## Dataset extract
_ _ _ _ _ _ _

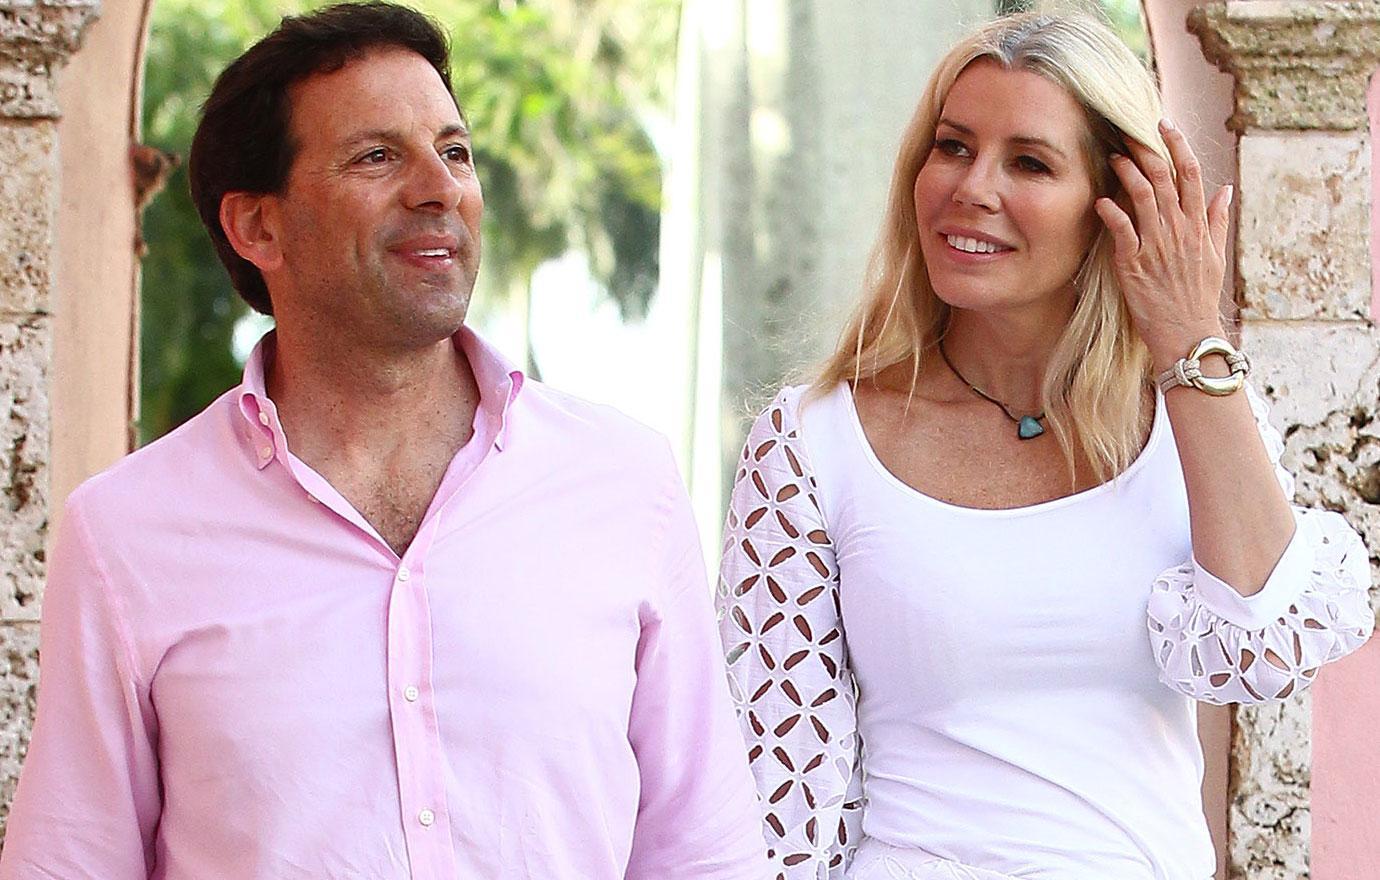 RHONY Aviva Drescher's Husband Legal Trouble Owes Money
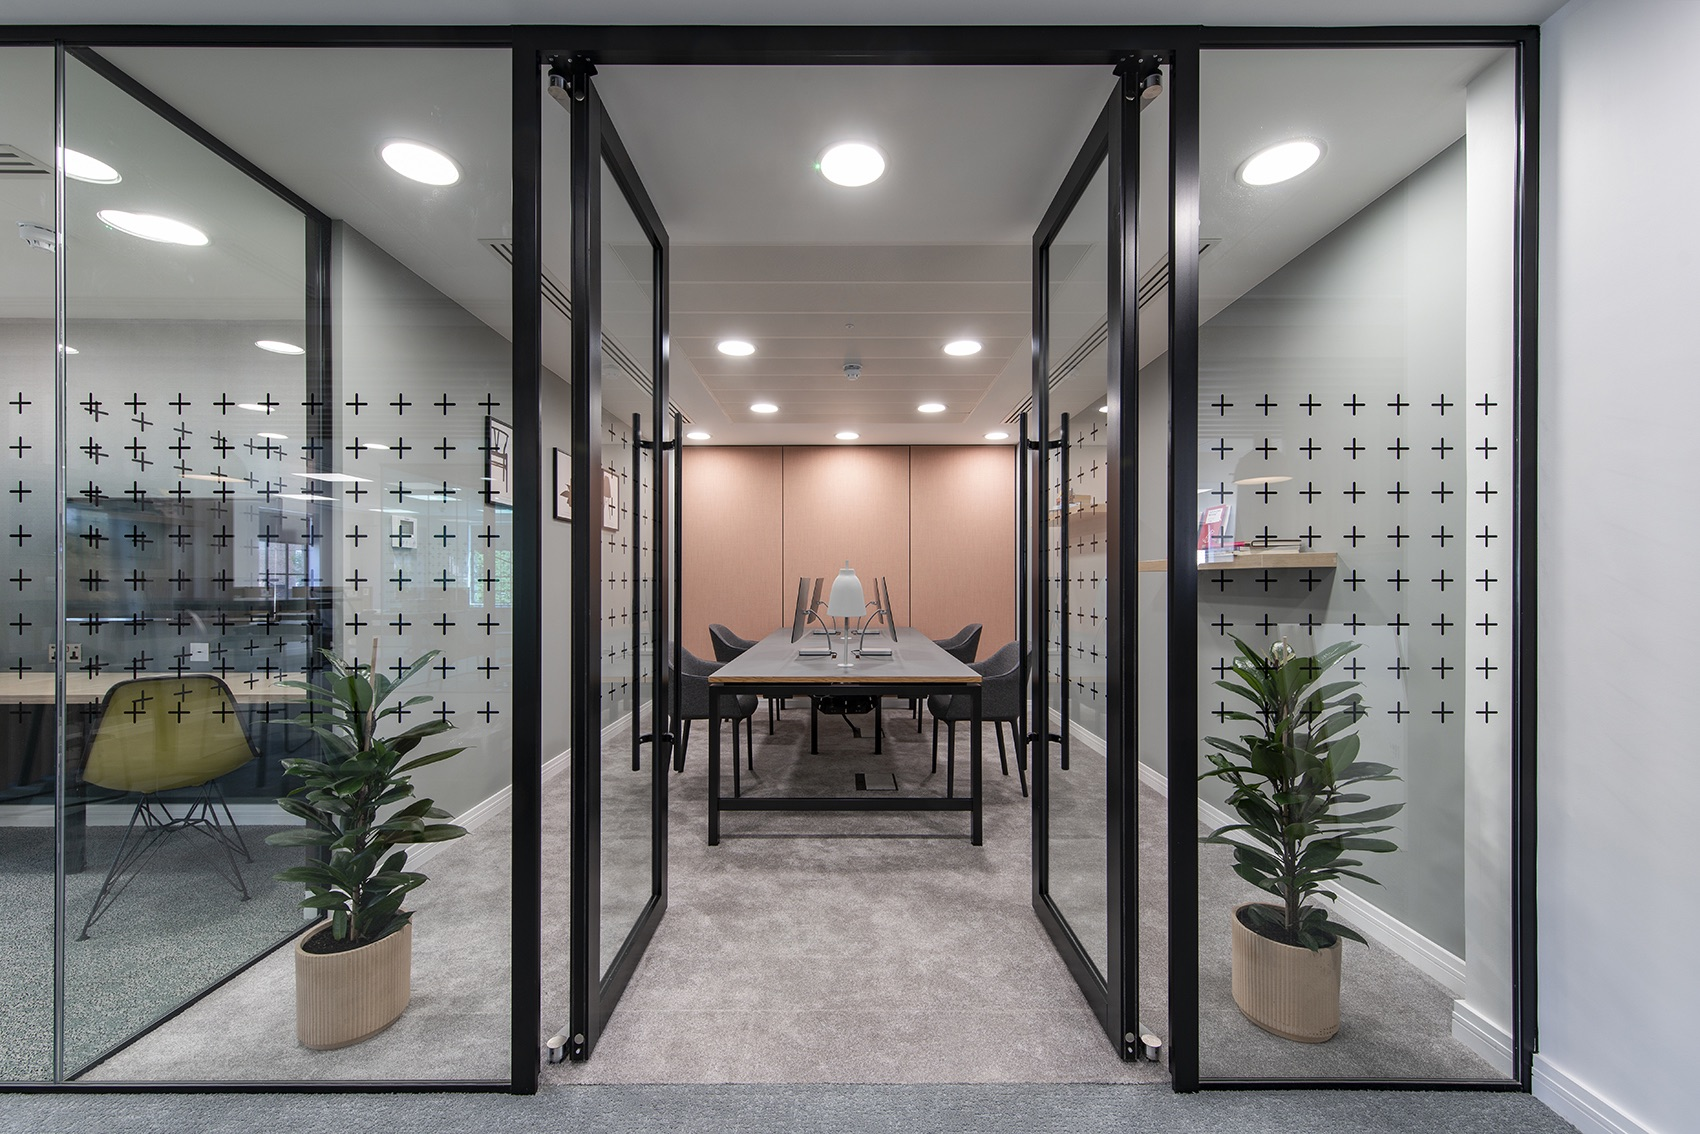 peldon-rose-new-office-london-7
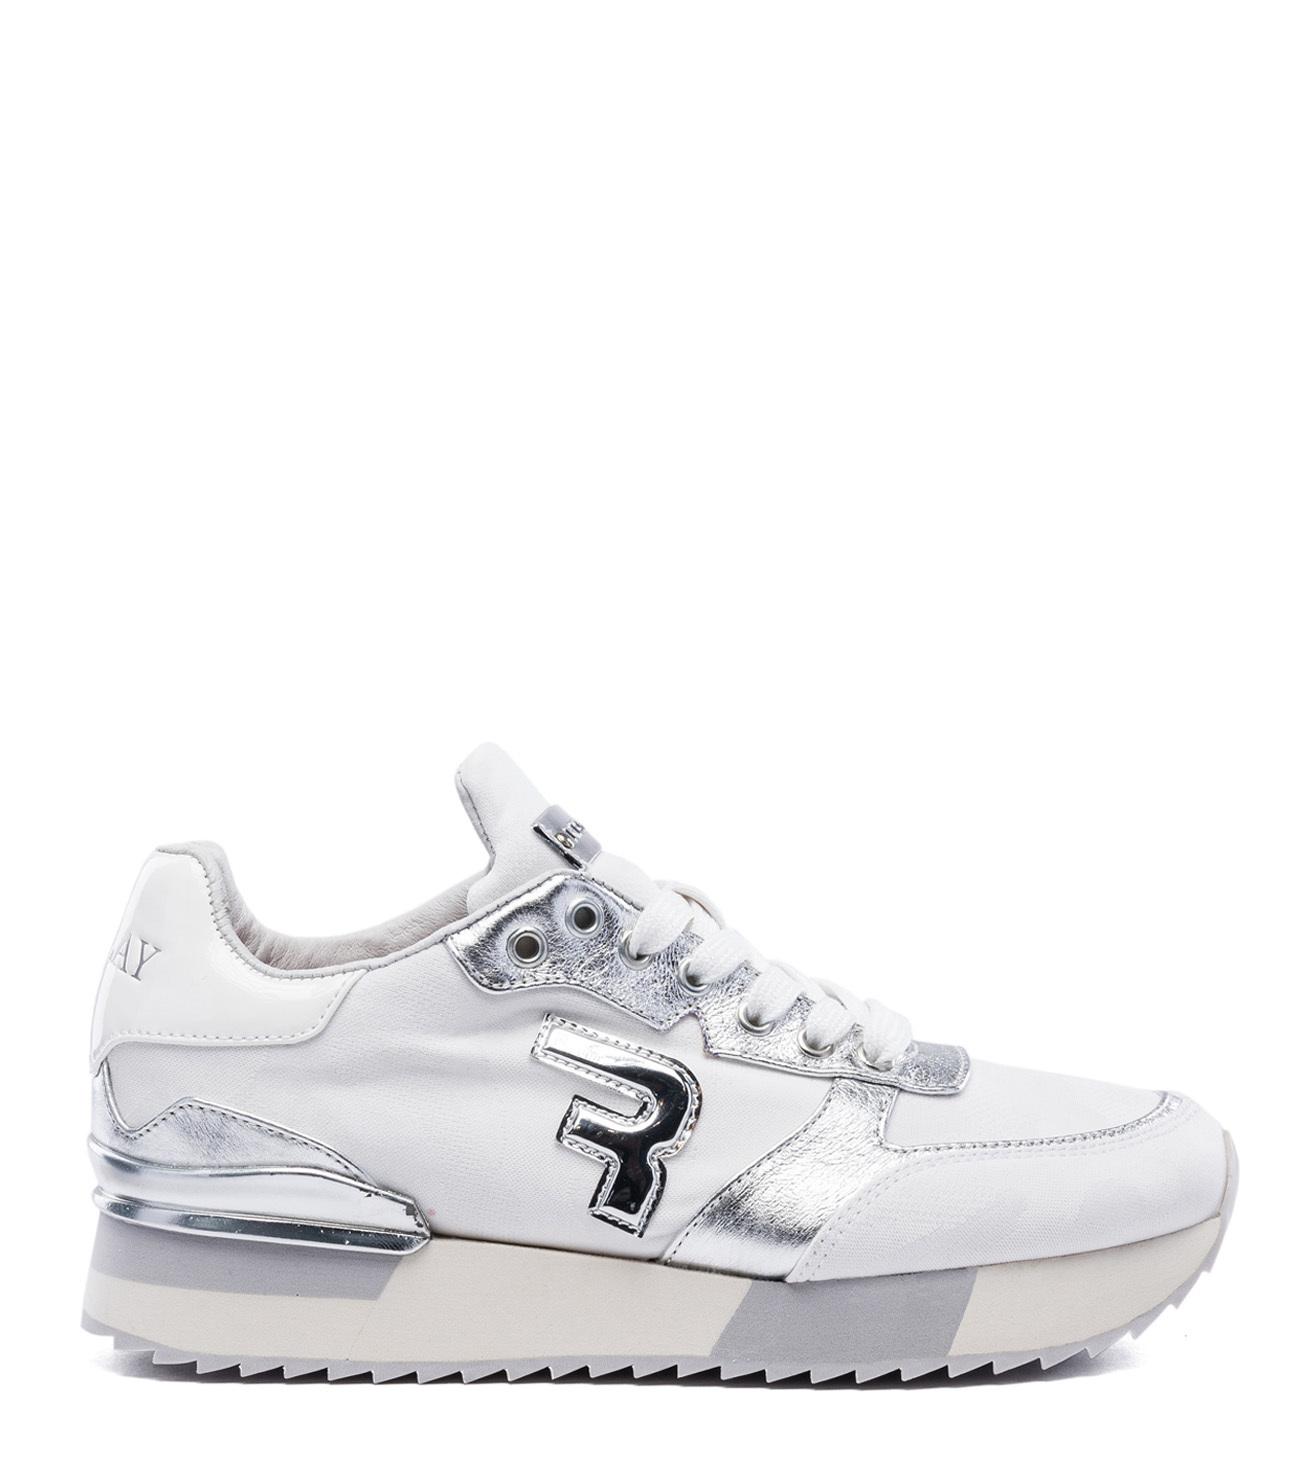 Women Sneakers Online @ Tata CLiQ Luxury

_ _ _ _ _ _ _

Please transcribe the listing exactly as it stands, but omit its pictures.

 RHONY Aviva Drescher's Husband Legal Trouble Owes Money
 peldon-rose-new-office-london-7
 Women Sneakers Online @ Tata CLiQ Luxury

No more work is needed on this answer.